**About this exercise:**
Reproduce the data that follows character for character, but omit its pictures.

**Available data:**
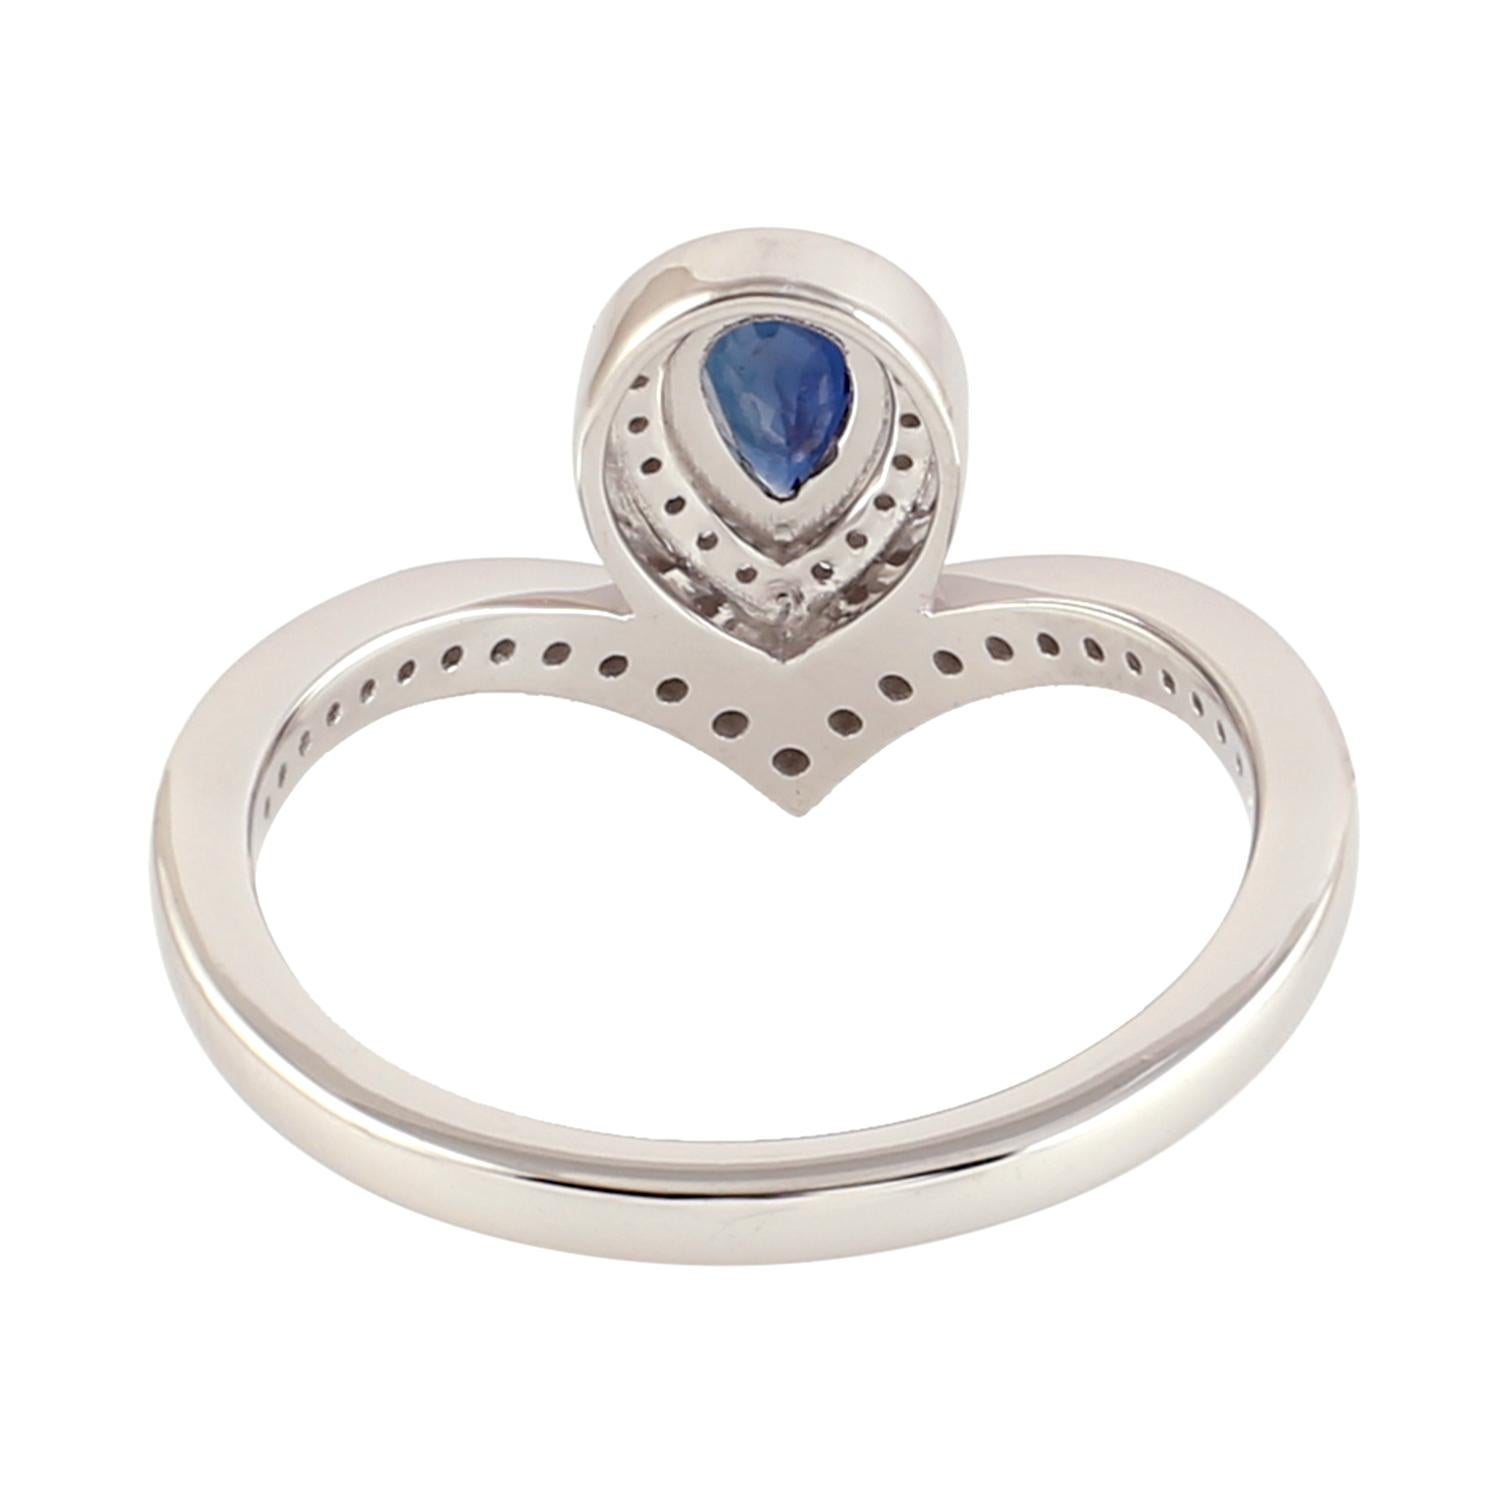 This stunning ring features a pear-shaped blue sapphire with pave diamond setting and made from 18k white gold. The sapphire is a rich, deep blue color and is cut into a pear shape, which gives the ring a unique and elegant look. The pave diamond
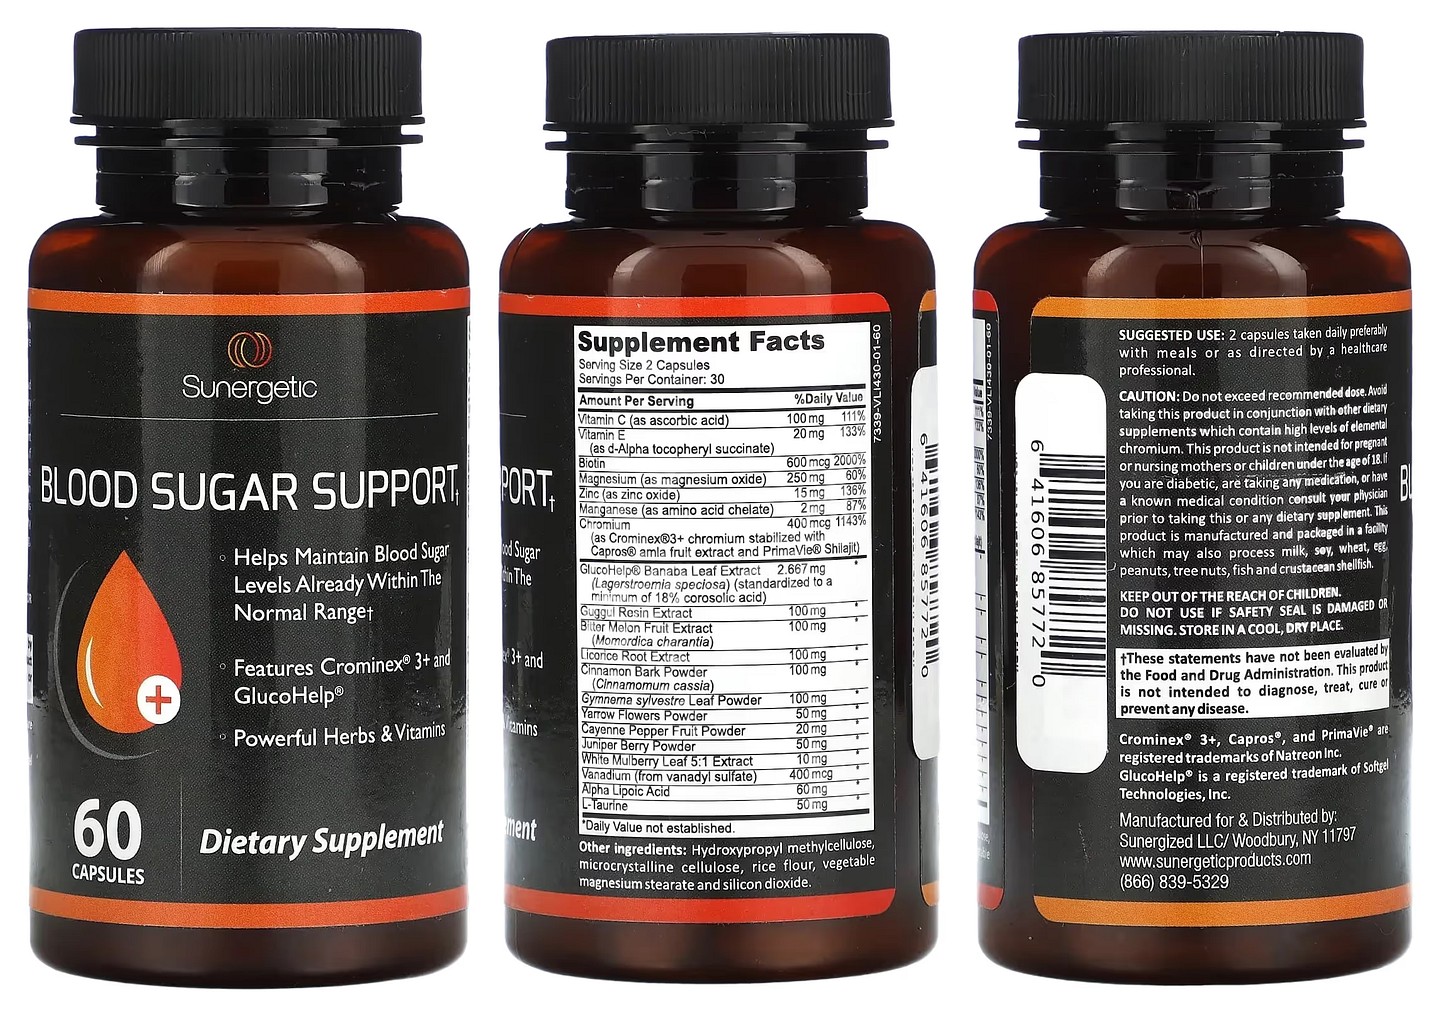 Sunergetic, Blood Sugar Support packaging
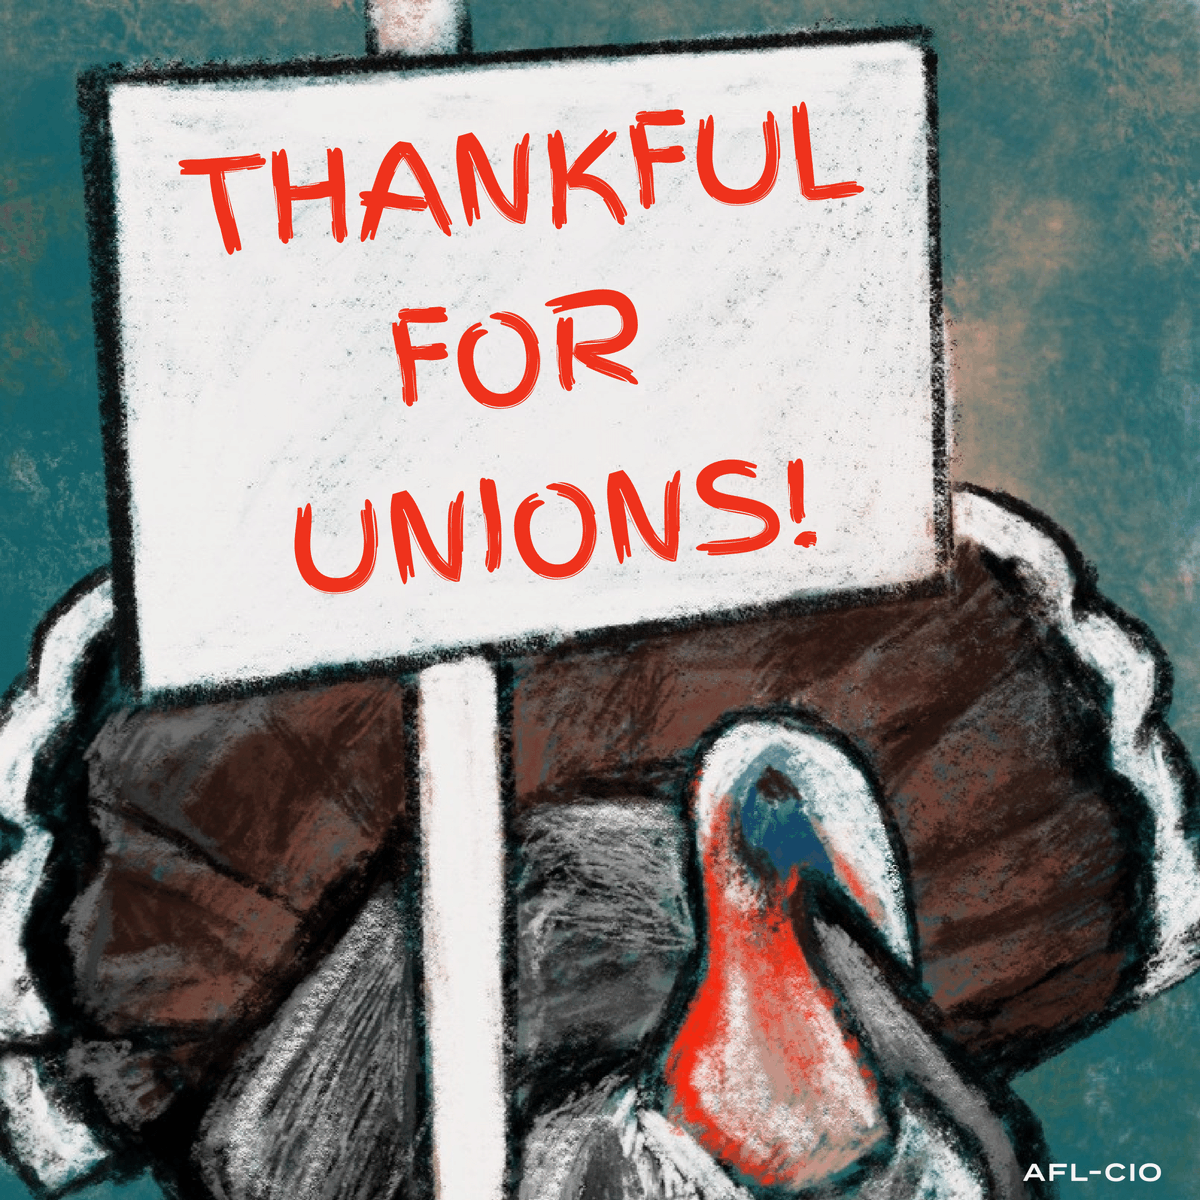 Happy Thanksgiving from the AFL-CIO! We're thankful each and every day for our unions & working families!
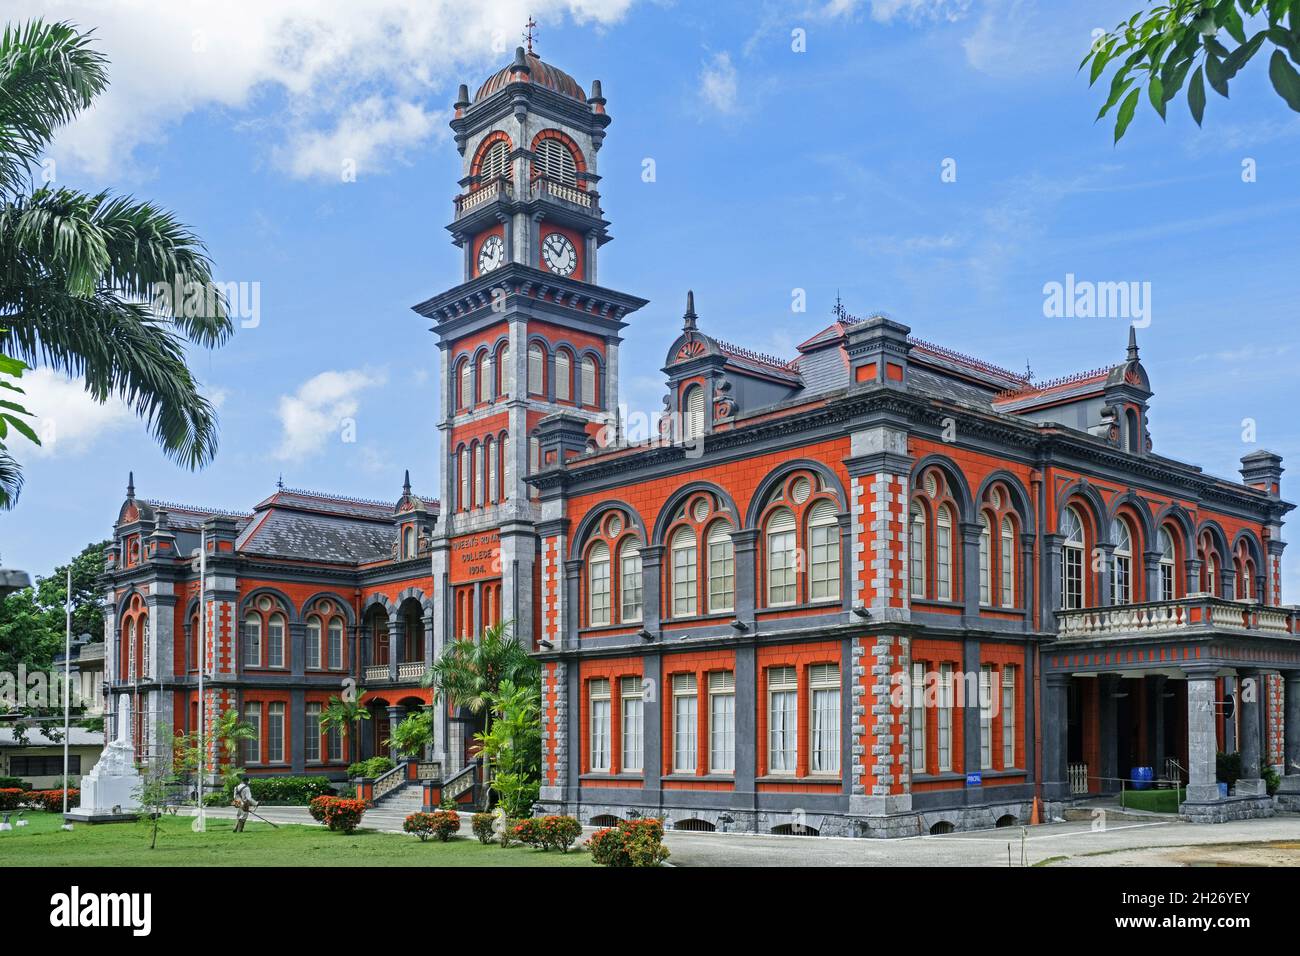 Queen's Royal College, part of the Magnificent Seven on Maraval Road in Port of Spain, capital city of Trinidad and Tobago in the Caribbean Stock Photo

**Task response:**
 This stunning ring features a pear-shaped blue sapphire with pave diamond setting and made from 18k white gold. The sapphire is a rich, deep blue color and is cut into a pear shape, which gives the ring a unique and elegant look. The pave diamond
 Sunergetic, Blood Sugar Support packaging
 Happy Thanksgiving from the AFL-CIO! We're thankful each and every day for our unions & working families!
 Queen's Royal College, part of the Magnificent Seven on Maraval Road in Port of Spain, capital city of Trinidad and Tobago in the Caribbean Stock Photo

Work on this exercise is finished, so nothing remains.